• [Work order] Below are records with pictures; copy word for word only the lines between the line with "AK Echtfoto 1927" and the line with "Une belle œuvre", inclusive, and drop the pictures.
*** Input data Section Begins ***
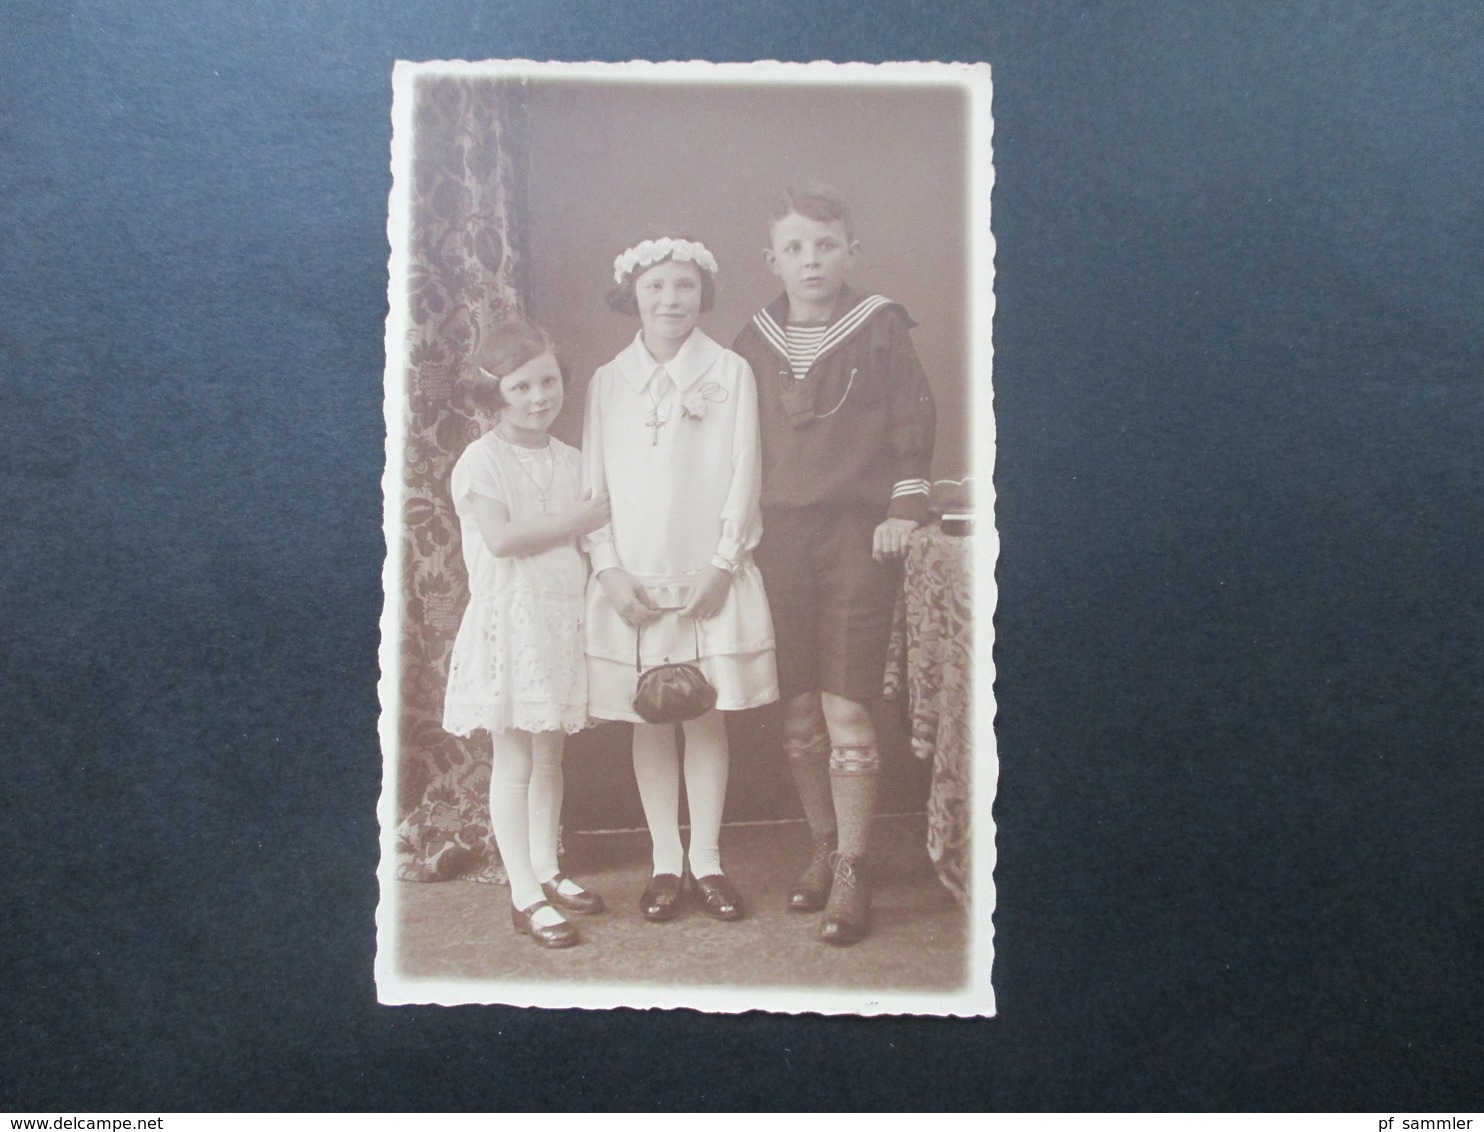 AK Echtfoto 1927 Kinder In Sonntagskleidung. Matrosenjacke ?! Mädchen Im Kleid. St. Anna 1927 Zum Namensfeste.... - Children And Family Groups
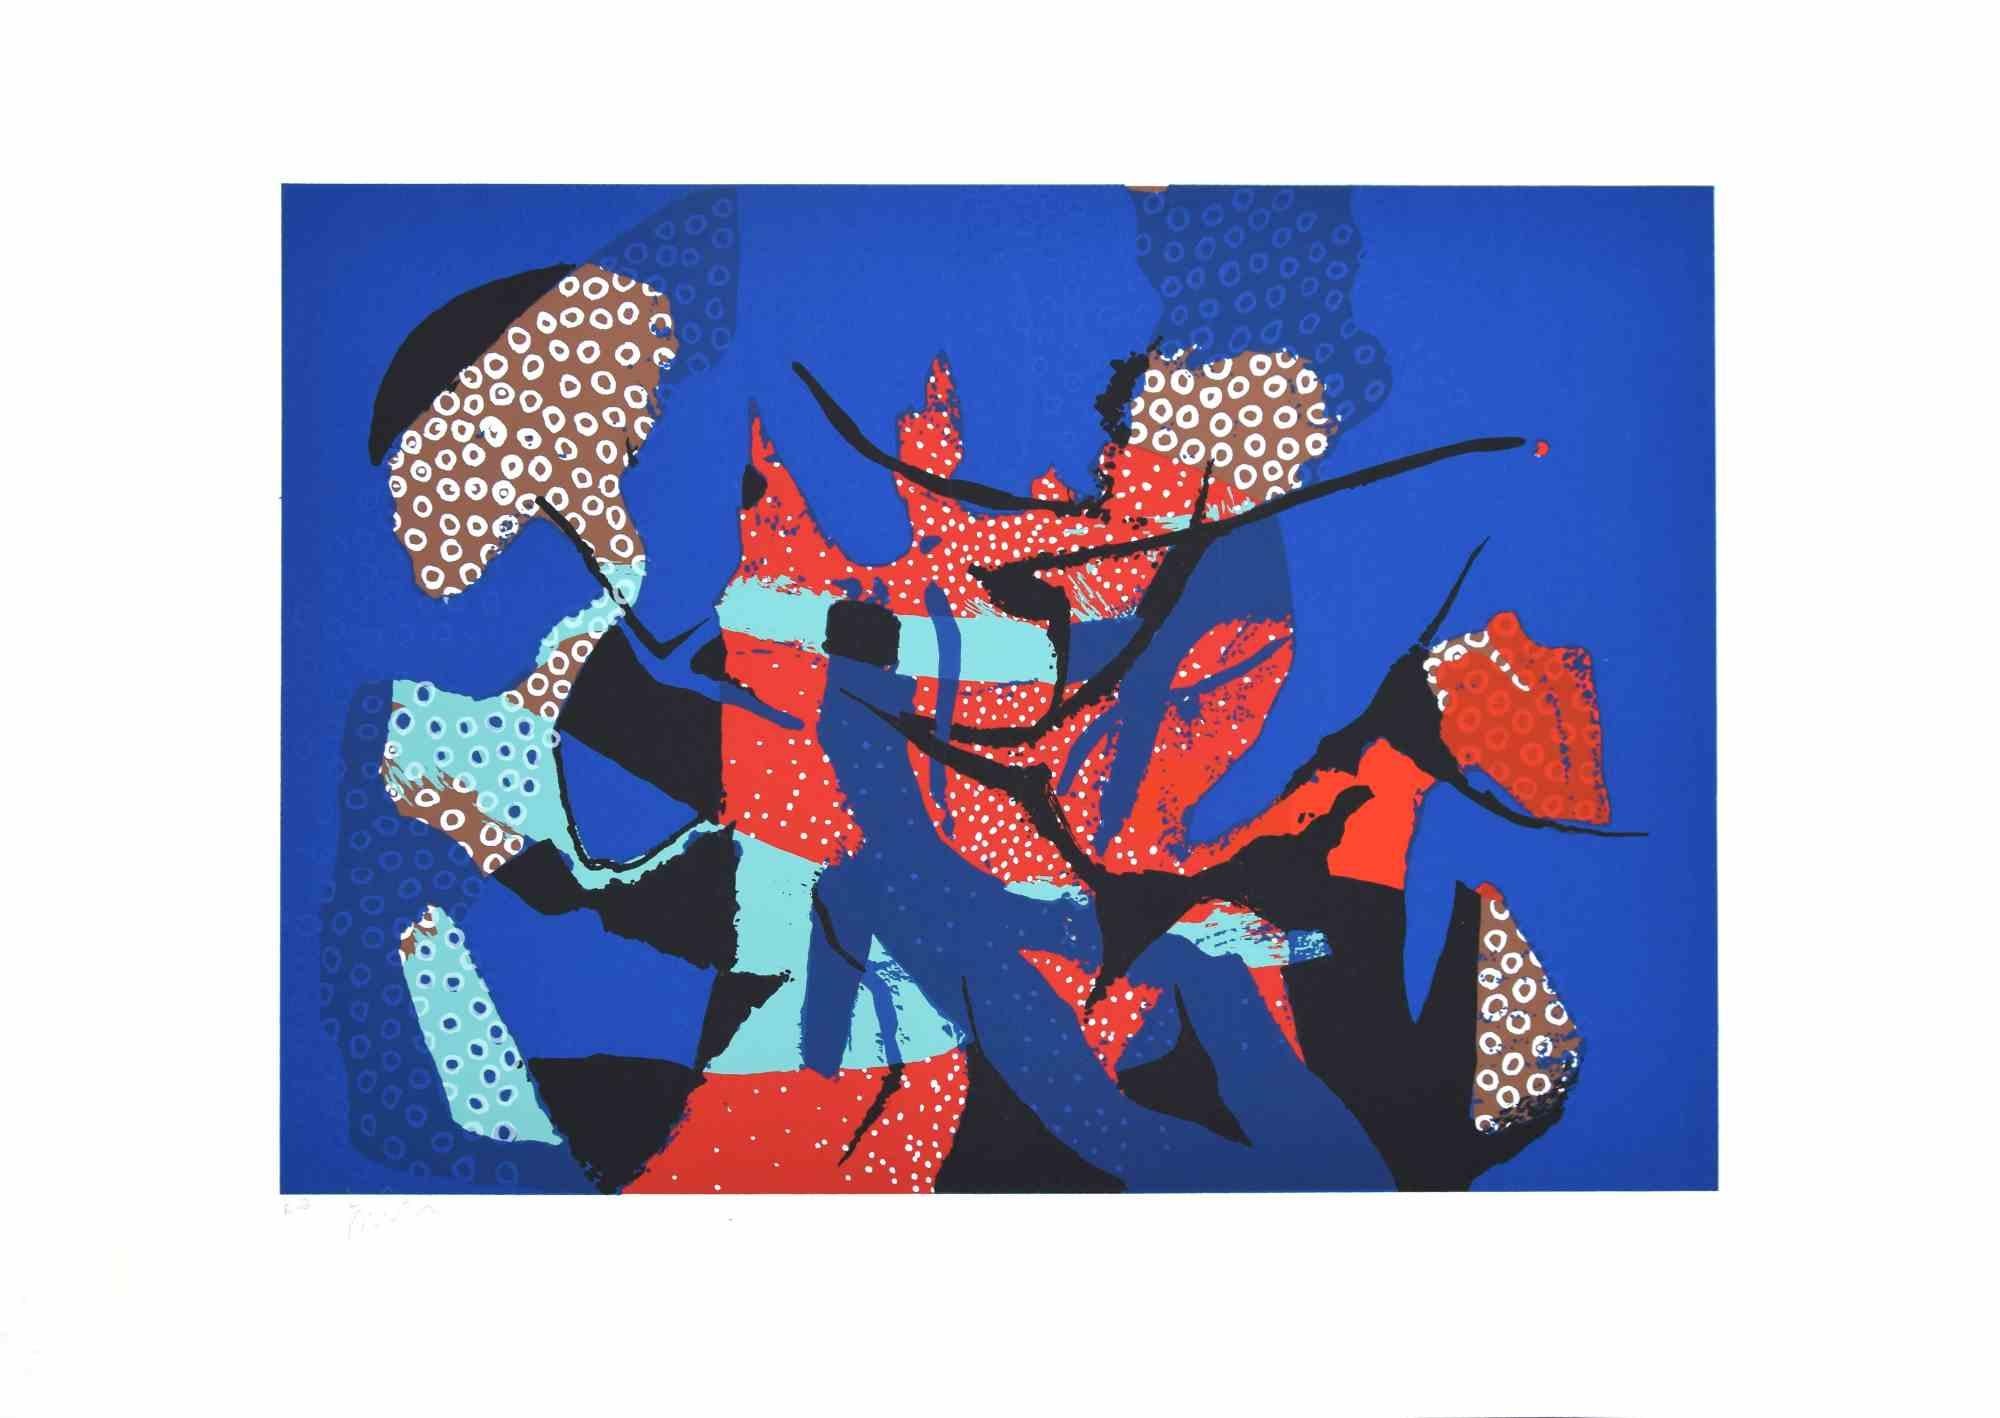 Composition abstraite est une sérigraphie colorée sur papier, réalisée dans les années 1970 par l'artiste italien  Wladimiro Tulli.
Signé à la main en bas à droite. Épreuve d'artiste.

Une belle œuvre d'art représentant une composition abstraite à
*** Input data Section Ends ***
*** Input data Section Begins ***
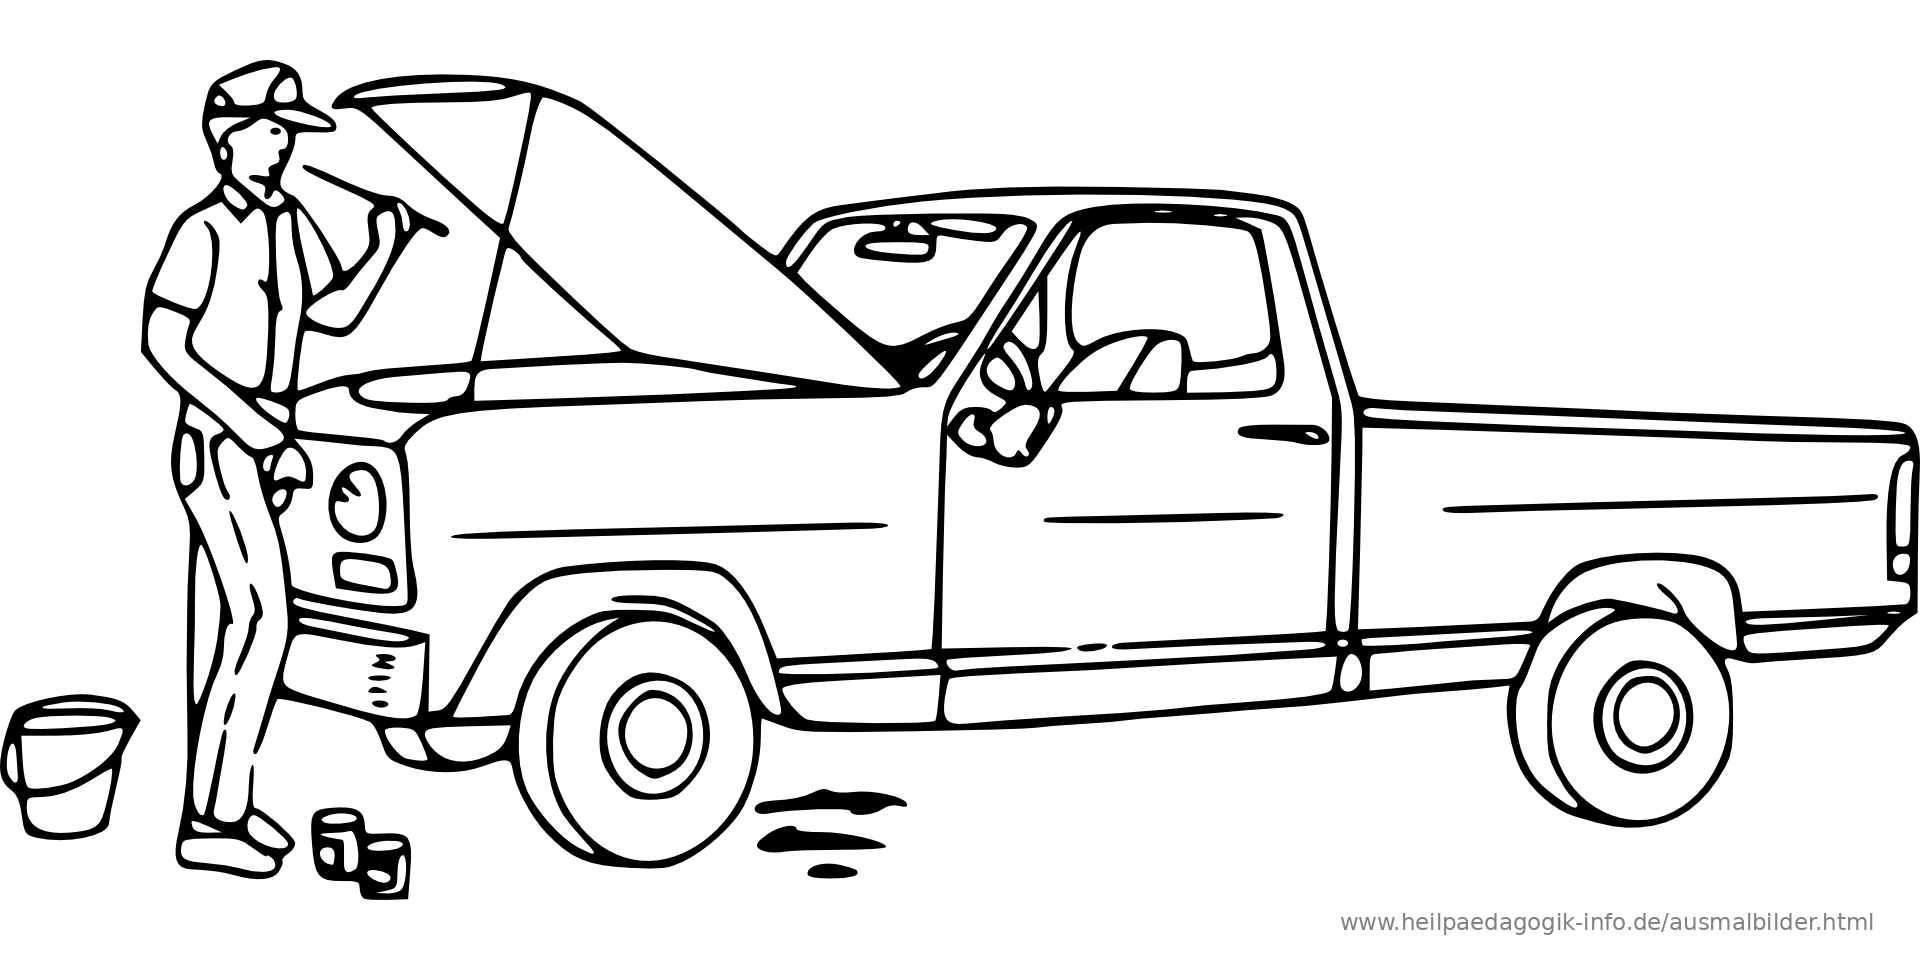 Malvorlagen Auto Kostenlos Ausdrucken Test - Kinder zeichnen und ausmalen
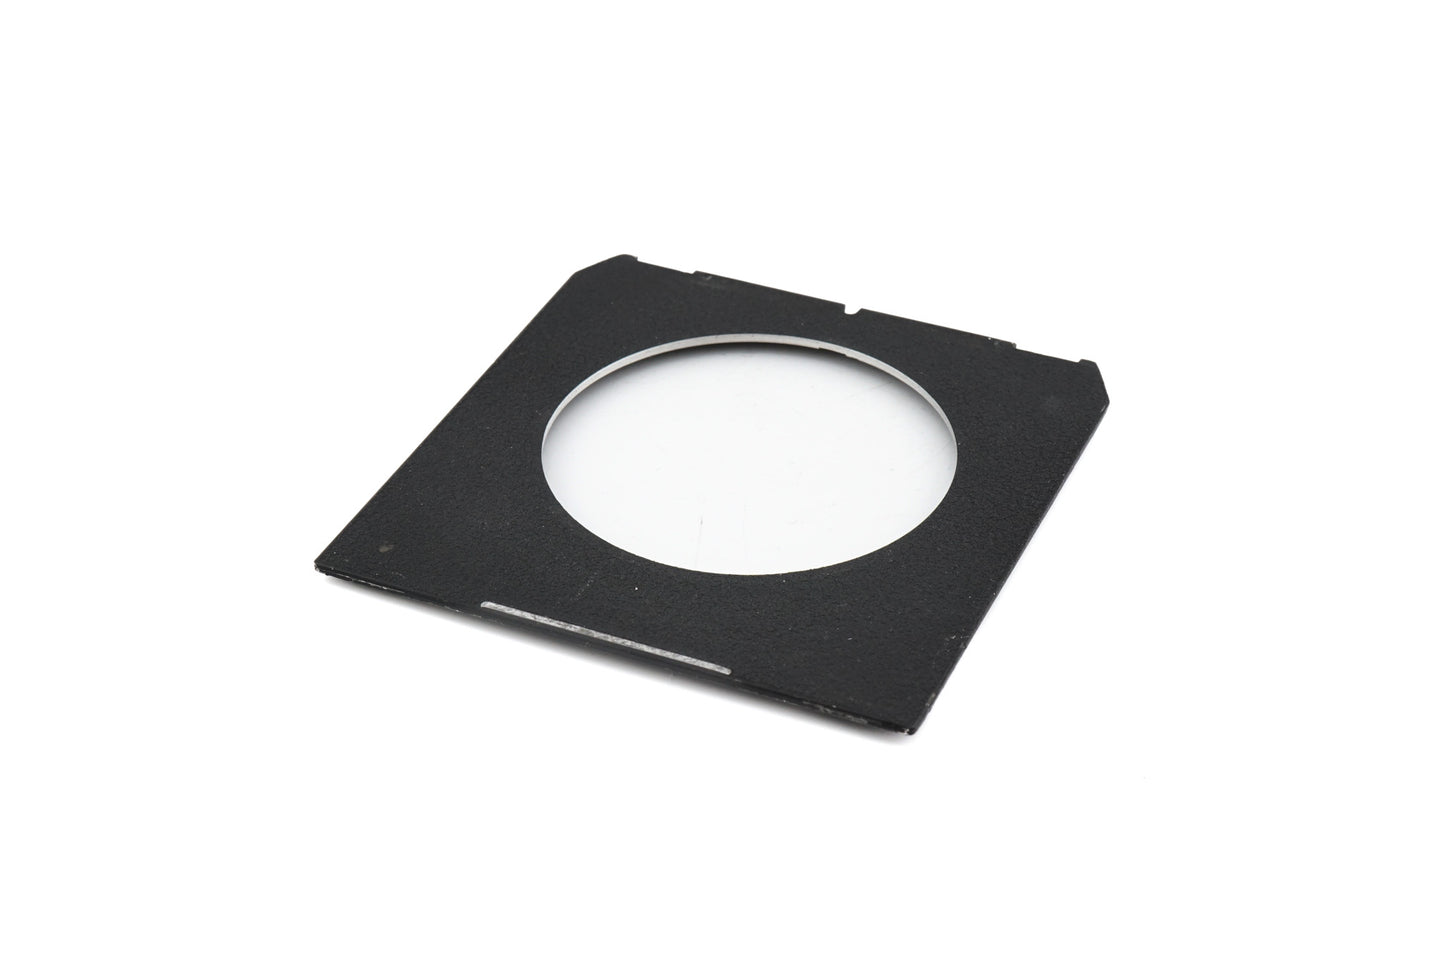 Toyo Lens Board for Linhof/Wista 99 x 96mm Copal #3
*** Input data Section Ends ***
• [Result of this task]
 AK Echtfoto 1927 Kinder In Sonntagskleidung. Matrosenjacke ?! Mädchen Im Kleid. St. Anna 1927 Zum Namensfeste.... - Children And Family Groups
 Composition abstraite est une sérigraphie colorée sur papier, réalisée dans les années 1970 par l'artiste italien  Wladimiro Tulli.
Signé à la main en bas à droite. Épreuve d'artiste.

Une belle œuvre d'art représentant une composition abstraite à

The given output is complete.